Supplementary Figure 6: Germline mutations in met-2 set-25 worms.

Further verification and characterization of the mutations detected in the genome sequencing experiment described in Figure 6. (a) Number and distribution of single-nucleotide variants (SNVs) or polymorphisms observed in the sequencing experiment described in Figure 6a. No dinucleotide preferences were found among SNVs. (b) Sketch of a complex rearrangement involving a Tc3 transposon, found exclusively in the met-2 set-25 genome. The rearrangement was identified by genome sequencing. The graph to the left indicates the precise site of Tc3 insertion.

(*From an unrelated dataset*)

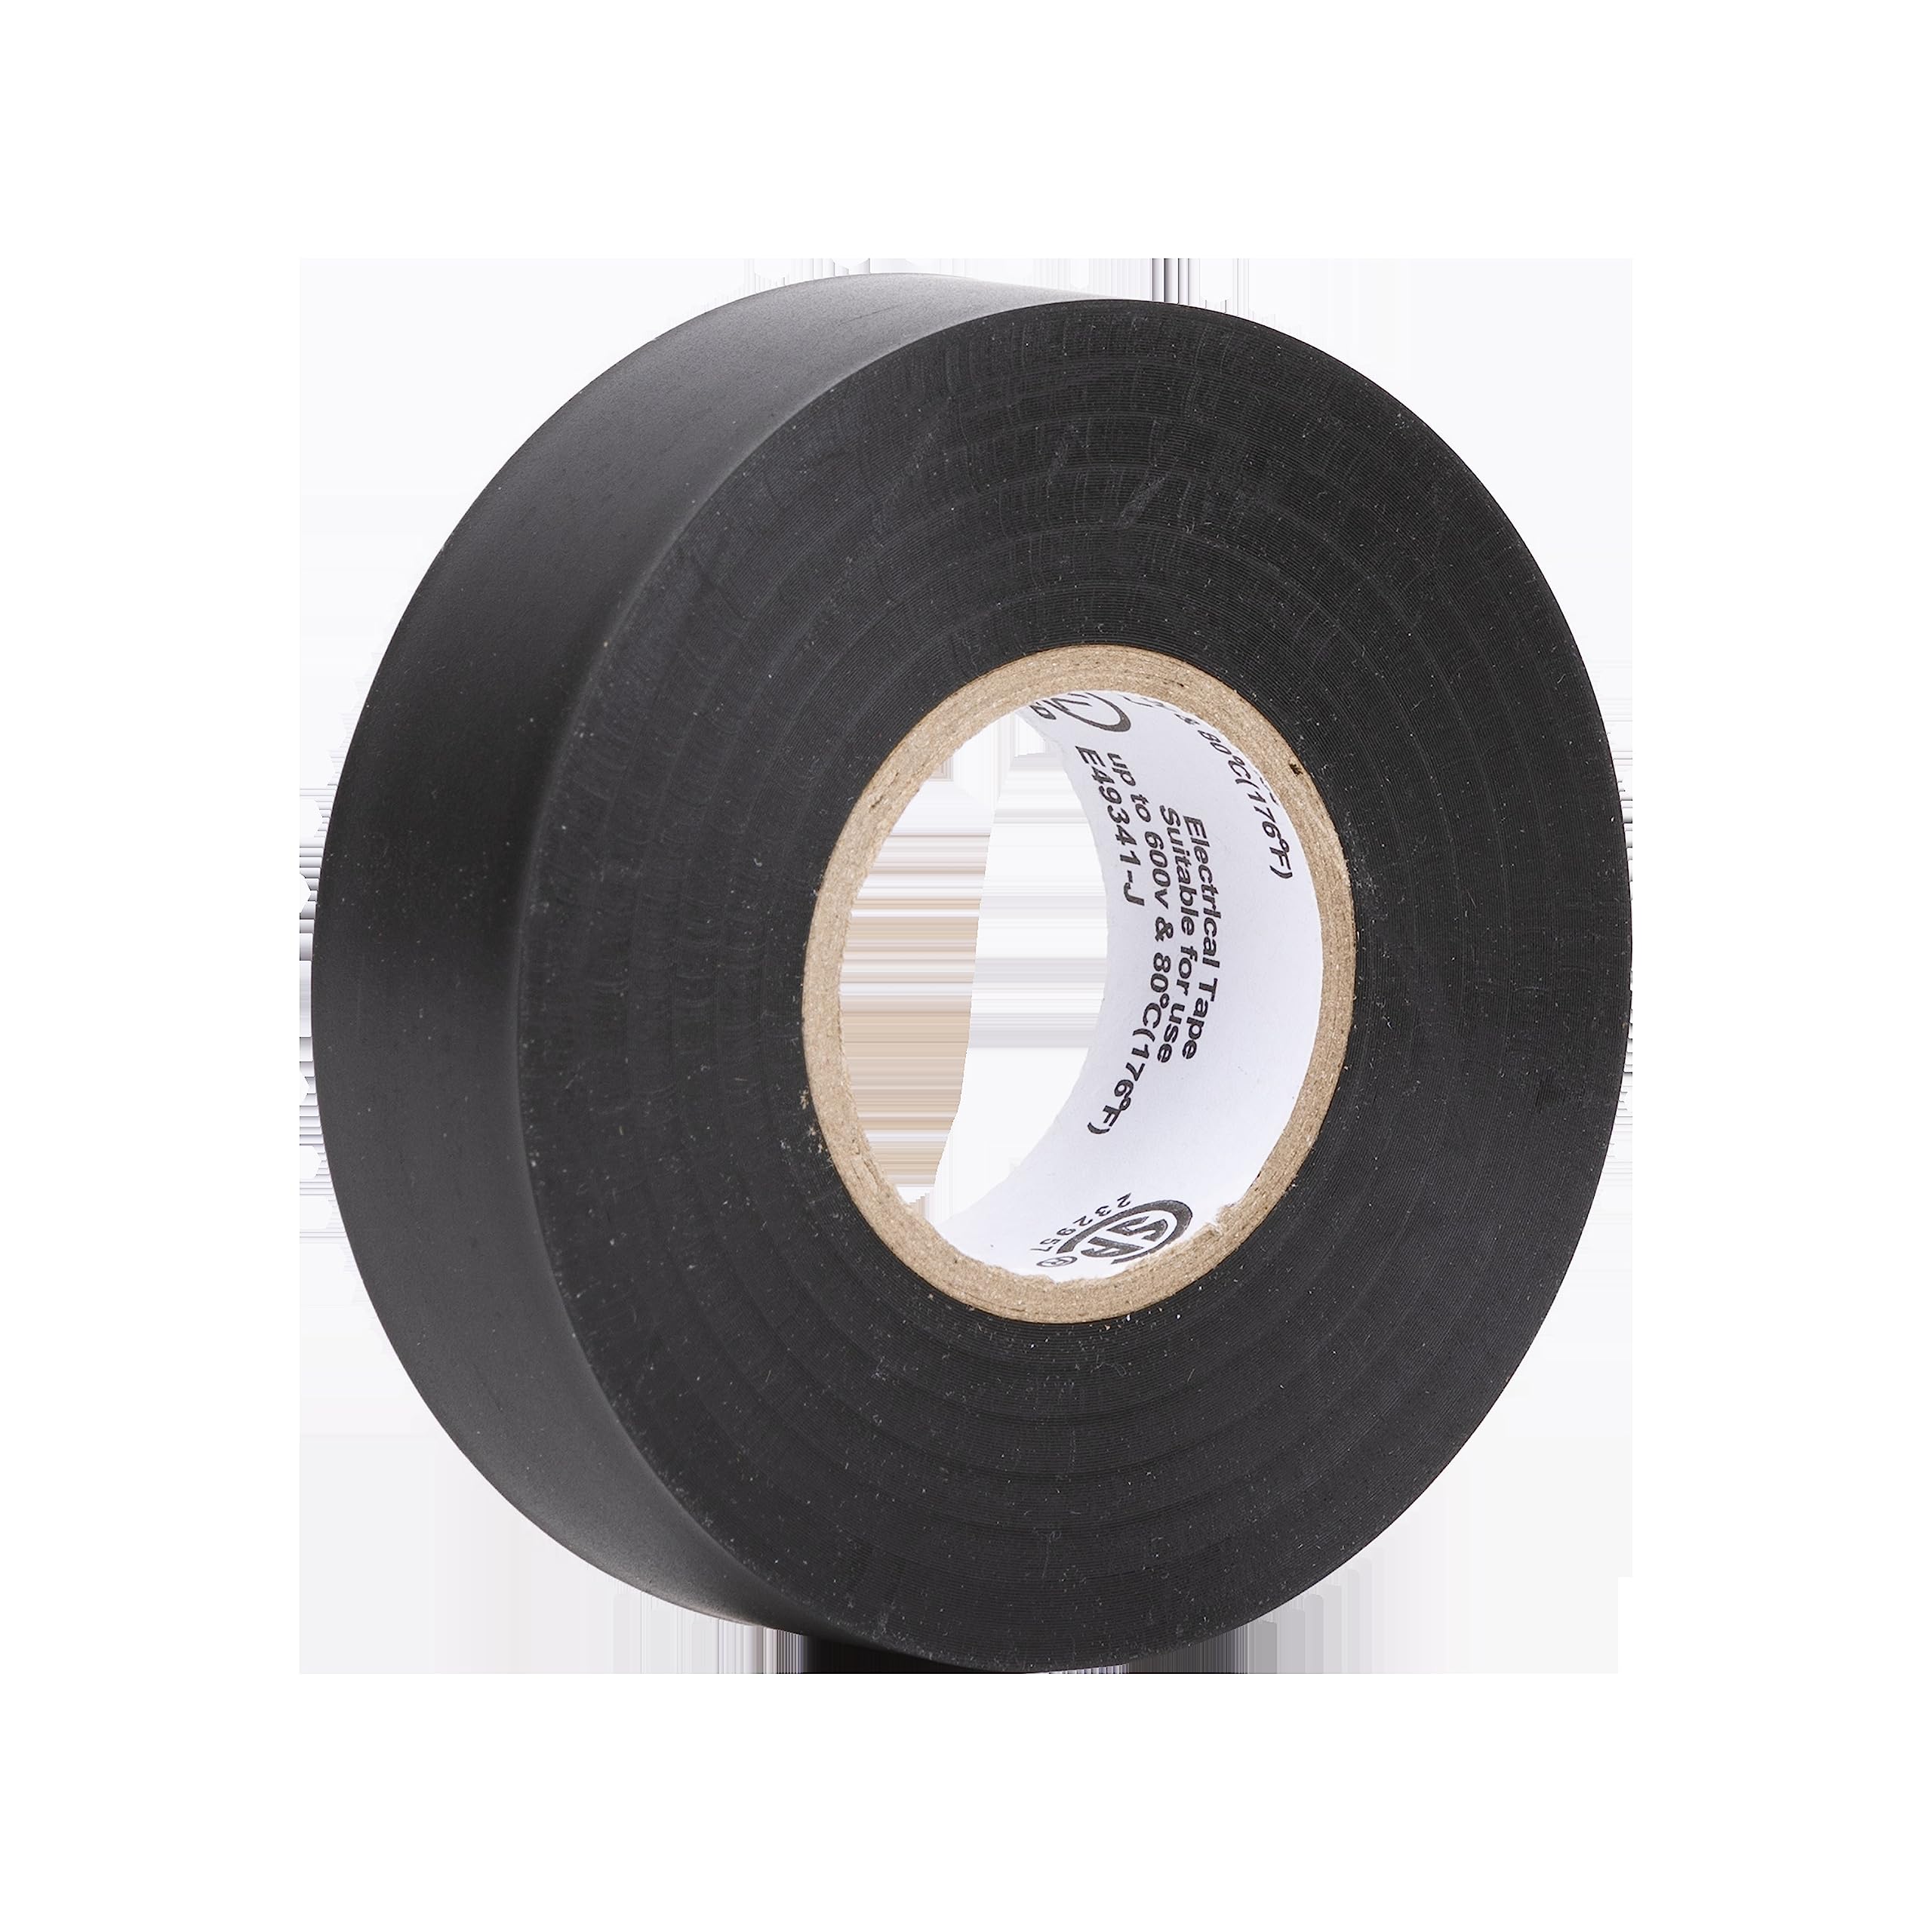 Duck Brand 282289 Economy Electrical Tape, 3/4-Inch by 60 Feet, Single Roll, Black $1.17

Below are H3K9me2 and H3K9me3 ChIP-seq tracks for the region around the Tc3 transposon that provoked the inversion: it bears high levels of H3K9me3 and showed roughly a twofold change in expression in met-2 set-25 over wt gonads at 20 °C. (c) Southern blotting with a probe against Tc3 shows a novel band detected in the met-2 set-25 mutant. (d) Depiction of the rearrangement shown in b indicating the position of the primer pairs used to verify the rearranged genomic context by PCR. PCR confirmation of the rearrangement is shown to the right. (e) Copy number ratios of met-2 set-25 worms relative to wt for the entire telomeric repeat subfamily, and for single telomere repeats. (f) Copy number ratios of met-2 set-25 worms relative to wt for rDNA repeats.